Here is a summary of the conversation between Dwarkesh Patel, Jeff Dean, and Noam Shazir:
Dwarkesh, Jeff, and Noam discuss the evolution of Google, advancements in AI, and the future of computing. Jeff Dean and Noam Shazir, Google's Chief Scientist and leading AI architect, respectively, share insights from their 25 years at the company, reflecting on its growth and their contributions.
Early days at Google:
They recall Google's early days, where Jeff seemed to know everything, and the company's rapid growth led to an explosion in projects. Jeff recounts how he had initially contacted them. Noam was initially reluctant to join because he assumed Google was already too big. Noam had envisioned making his money at Google so he can eventually work on AI full time, which is exactly what happened.
Moore's Law and Hardware:
Moore's Law is something to be proud about. As Moore’s Law has progressed over the last two decades, it has changed how people think about new systems. Initially, waiting for hardware to improve was sufficient, but the specialized computational devices like machine learning accelerators and TPUs became more important. Hardware advancements are now focused on specialized devices like TPUs, aligning with the algorithms' need for low-precision arithmetic and efficient data movement. The shift to hardware optimized for deep learning and the importance of co-designing algorithms and hardware are emphasized.
Algorithmic Advancements:
They explore the counterfactual scenario of memory costs declining more than arithmetic. The trade-offs considered for future TPU versions are also discussed. Quantization is a key focus, enabling reduced precision models.
AI history:
Jeff's early work on back propagation and language models are touched upon. The motivation behind building a two-trillion token N-gram model and its impact on translation and other applications are explained. The development of a system that identified cat images from unsupervised learning on YouTube frames is discussed.
Google as a company:
Google is described as an "organizing the world’s information" company, broader than information retrieval. AI's role is expanding beyond retrieval to creating and synthesizing information. Jeff expresses his vision for AI to organize and create new information for people's needs, including coding, multimodal understanding, and language translation.
AI Future:
Noam envisions a quadrillion-dollar opportunity in AI, focusing on value creation. Algorithmic advancements are key, leading to continuous improvements in AI capabilities. Jeff sees an opportunity to achieve universal access to information regardless of language.
Long Context and In Context Learning:
They discuss the challenge of merging Google Search with in-context learning. Jeff points out that models excel at accessing information within their context window but struggle with "squishy" information stored in parameters. This led to a discussion of how to scale up the model and apply inference time to improve quality. He then proposes the need for efficient algorithms to handle trillions of tokens, potentially revolutionizing many industries.
AI as Autonomous Engineers:
Noam and Jeff explore the potential of AI as autonomous software engineers. He highlights the importance of building distributed systems and creating the new equivalent of map-reduce or Tensor flow. The efficiency with which the AI can come up with initial approximations reduces labor costs substantially. He then talks about the need to integrate the AIs into a big mono repo.
Safety and Intelligence Takeoff:
Dwarkesh suggests that models will become much more potent and dangerous as the rate of the software’s progress increases, while Jeff believes people should try and shape and steer the way in which AI is deployed in the world.

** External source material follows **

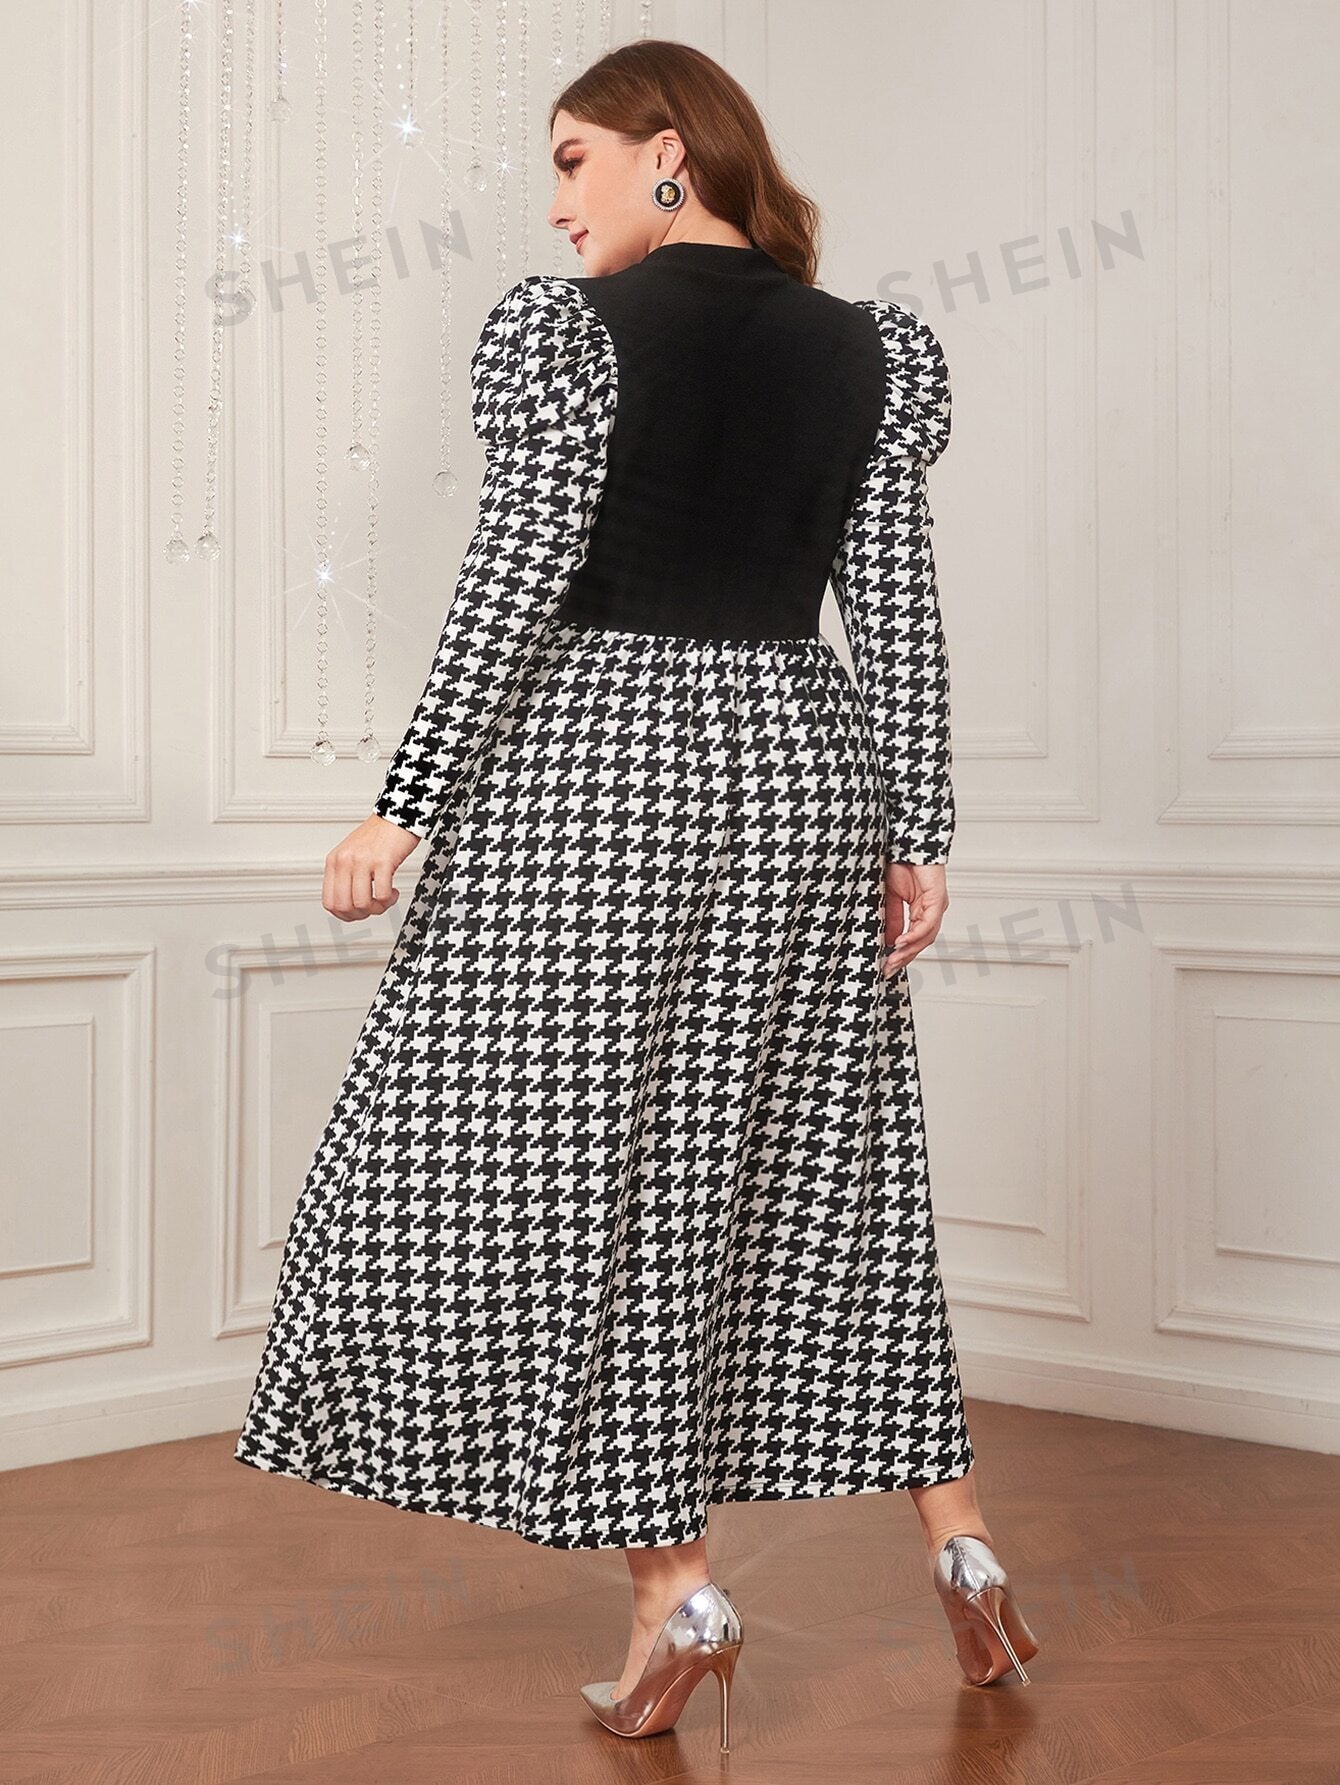 SHEIN Modely Plus Houndstooth Print Gigot Sleeve Dress Without Belt - Negative Apparel

Humility and Collabortaion:
In order to make an AI with the ability to quickly learn different skills, the researcher must demonstrate humility, a willingness to drop what doesn’t work. He explains that, as a result, there will also need to be both top-down and bottoms-up incentivization to promote the creation of collaborative and flexible designs.
Micro-kitchen:
Jeff and Noam describe how the layout of their Google building is set up, with a micro kitchen where people can enjoy their lunch with a little extra sound.